Investors have looked at the agreement between Ireland and the troika and spotted that the liability for any such losses seems to now reside with the Irish nation. Added to this Allied Irish Bank placed more than 9 billion Euros with the bad bank Nama leading the blogger Jagdip Singh who has a good track record to question if AIB is solvent. So we are back to Ireland being under pressure and at this moment the rescue plan looks as likely to suceed as the one for Greece.
Other Euro zone nations: Contagion for Spain and Italy
These two nations have become increasingly affected by the contagion effects of what has happened in Ireland and Greece and what looks likely to happen in Portugal. We can illustrate this by looking a their respective ten-year government bond yields and comparing them with a month ago and if we do this we get for Spain 5.55% and 4.74% and for Italy 4.71% and 4.21%. As I type this these are problems but not a crisis as whilst Spain has recently had to issue some shorter-dated paper at a higher cost than before this is so far relatively small fry. You see in 2011 both nations have quite a lot of debt to issue both to finance their deficits and to replace existing debt. Indeed we will see this start in January and if you start issuing substantial amounts of debt at higher interest-rates, then your solvency arithmetic can change quite quickly. One of the flaws of the Euro zone rescue system is that it will be issuing debt too so there is the danger of it crowding out sovereign nations.

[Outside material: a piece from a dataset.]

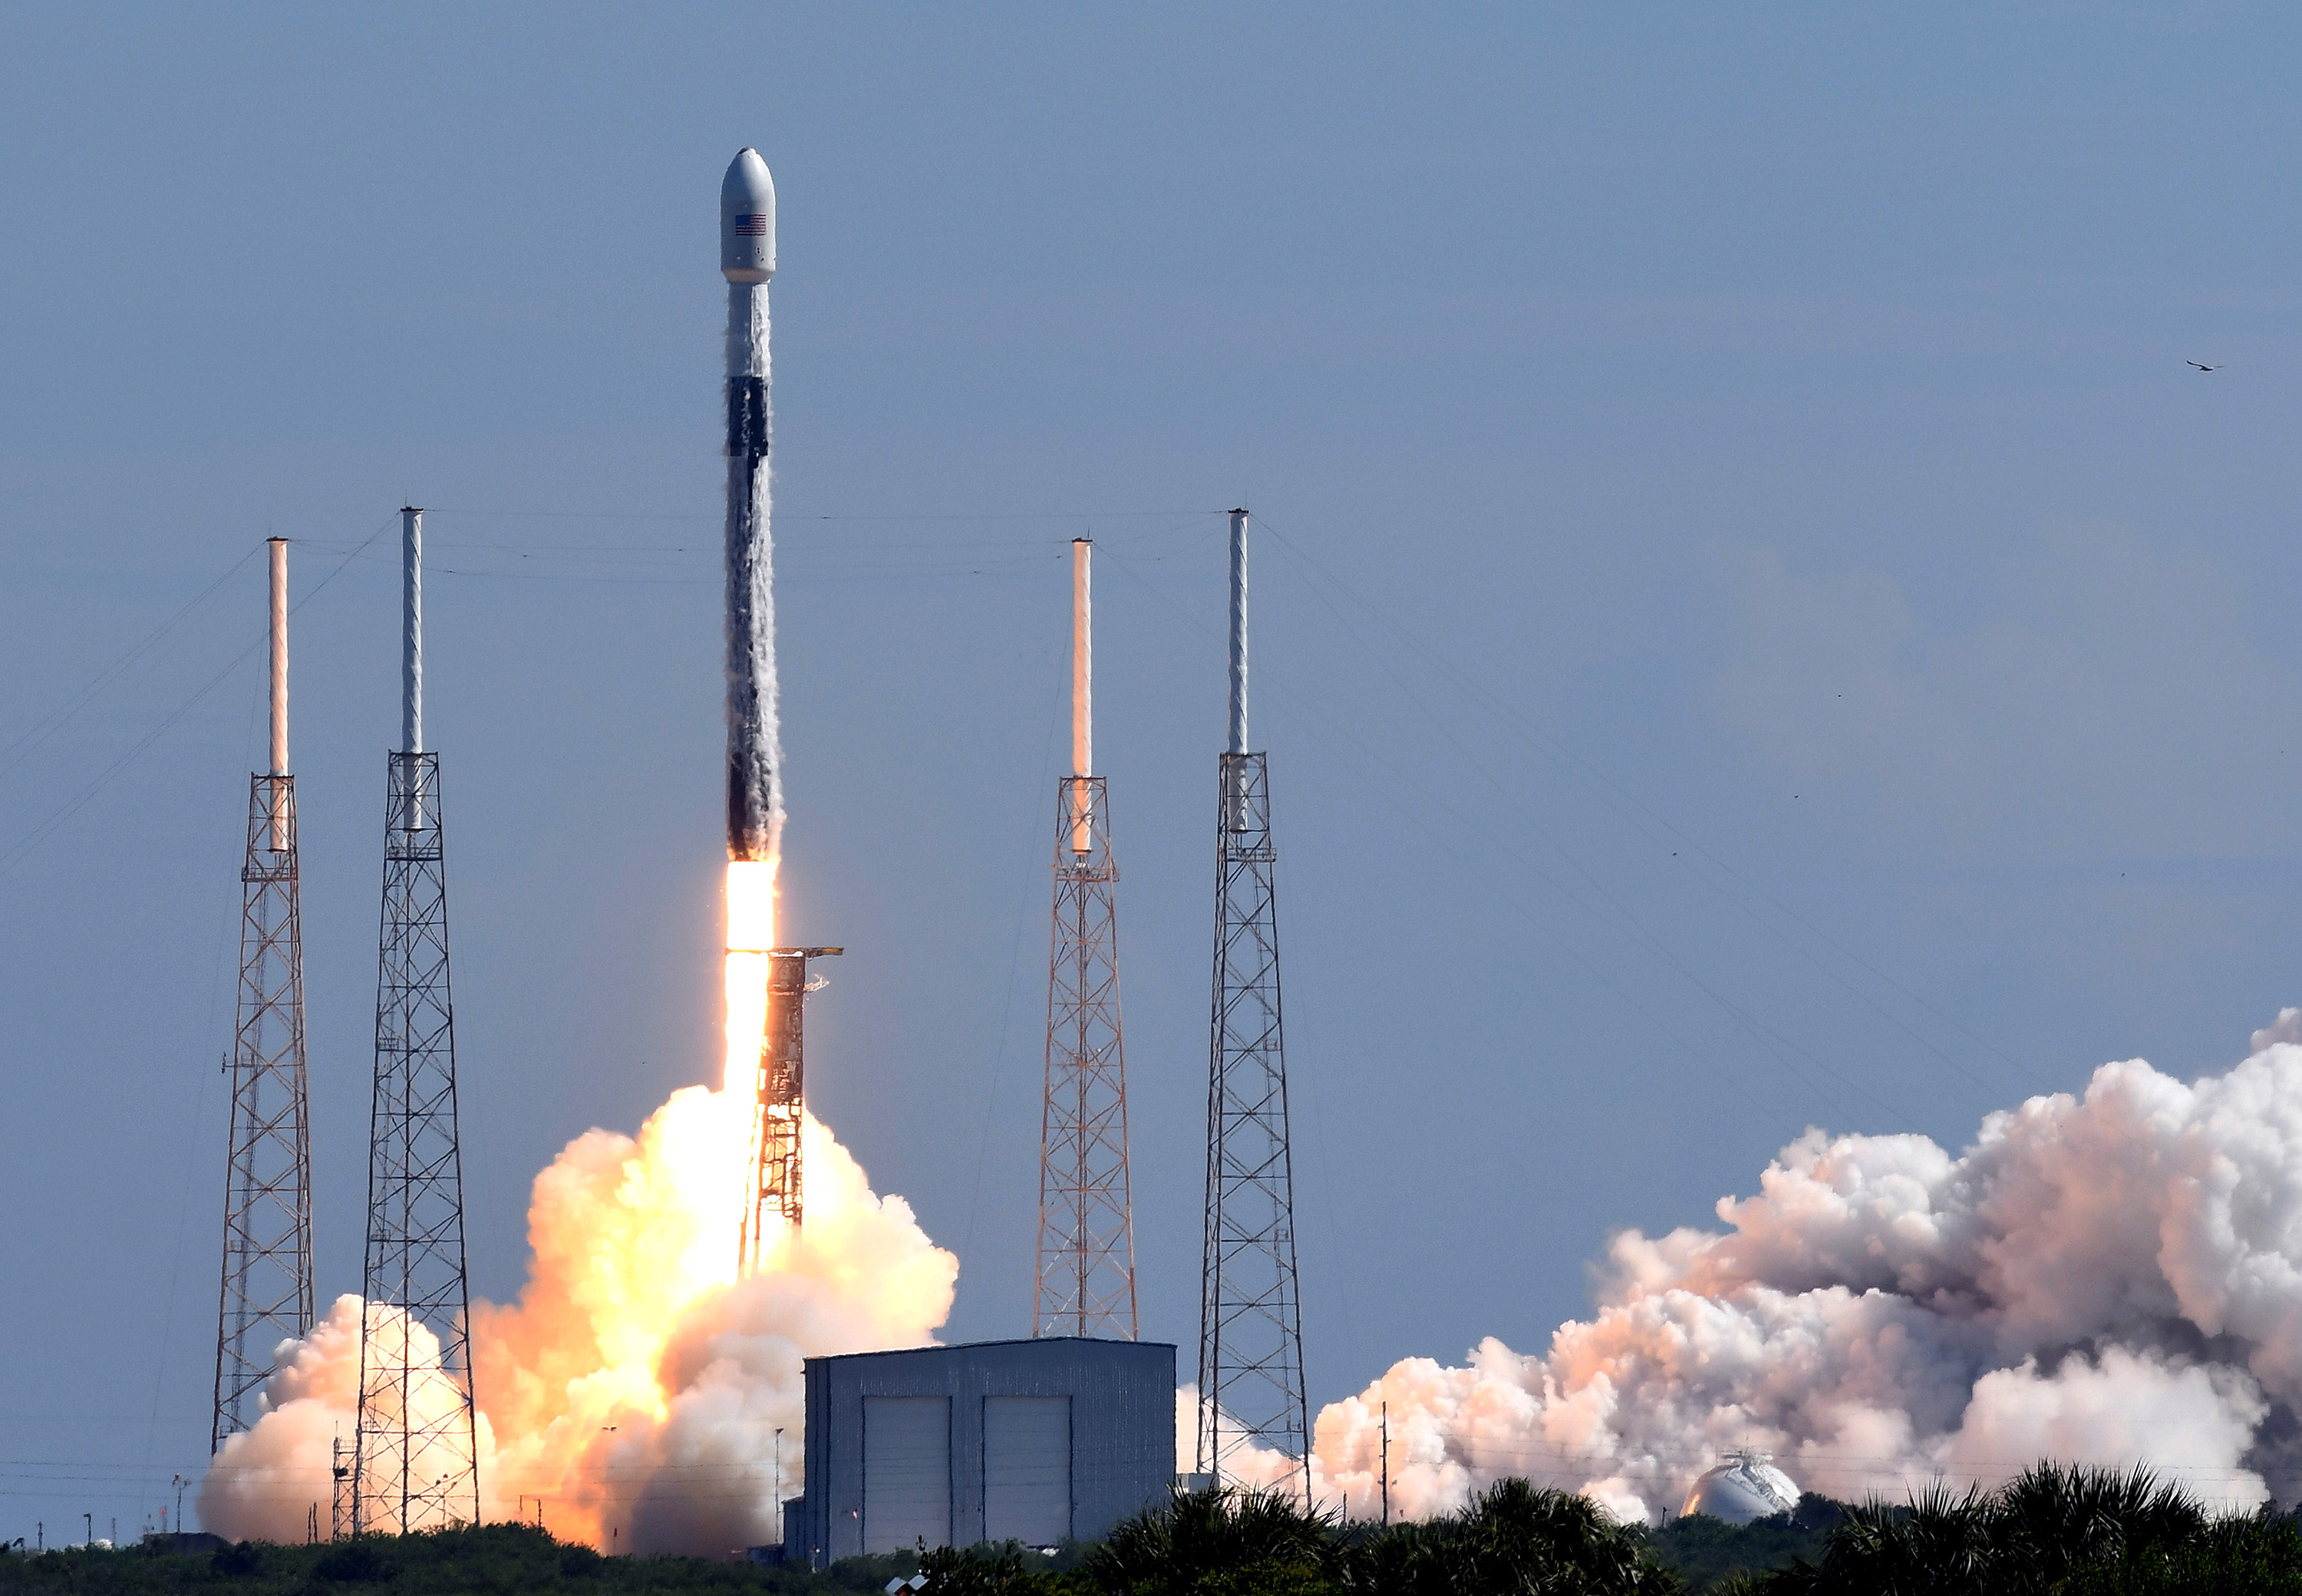 A SpaceX Falcon 9 rocket carrying 58 satellites for SpaceX's Starlink broadband internet network will be launched on August 18.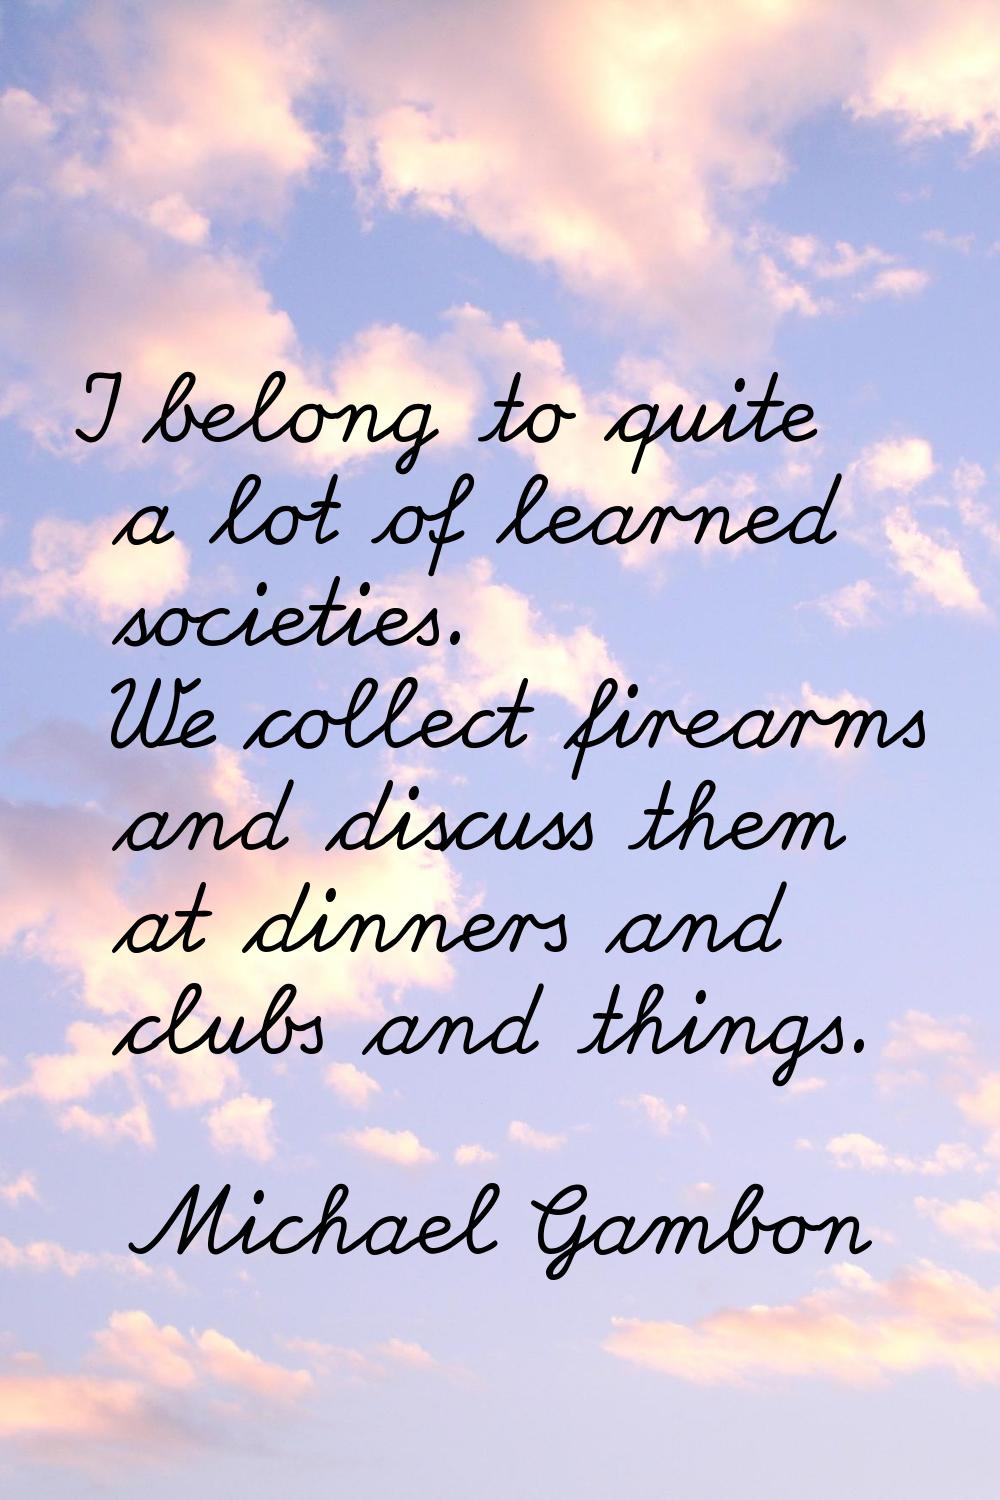 I belong to quite a lot of learned societies. We collect firearms and discuss them at dinners and c

If we look at the recent effort by the European Central Bank with its Securities Markets Programme to buy debt in Ireland Greece and Portugal to try to prevent contagion we can see that at best it is only delaying the spread. As I wrote when the SMP was beefed up after the ECB meeting earlier this month this particular phase may have been tactically astute but it was also strategically unsound. The recent plan for an addition to the ECB’s capital was rather eloquent on this subject I thought.
The UK’s economic growth in the third quarter
This morning this has been revised down from 0.8% to 0.7% in terms of growth in our Gross Domestic Product. This is well within the margin of error and accordingly is a shame (as we need every scrap of growth we can get) but is not particularly significant. Even with this slight downgrade our economy grew by 2.7% over the past year which if we went back a year and asked people they would have been very happy with. However linking this news with yesterdays disappointing fiscal deficit figures only reinforces how disappointing they were.
There had been a lot of debate over the construction figures which had shown extraordinary growth. In the event they were only revised down from 4% to 3.9%. However sneaked away in the detail was an update to growth for the construction industry in the second quarter where it was cut from 9.5% to 7%. Partly because of this economic growth for this quarter was revised down from 1.2% to 1.1%.
Austerity versus Stimulus
This was one of the debates/themes of 2010 and over the past few days I have been revisiting it. For many places I have come to the conclusion that it was not as important as it has been represented. For example if we look at Ireland it looks as though the collapse of her banking sector would have derailed any economic strategy. So my point is not that it was not an issue but that in fact economic policy is sometimes less significant than we would like to believe. I would be interested to hear others thoughts on this subject.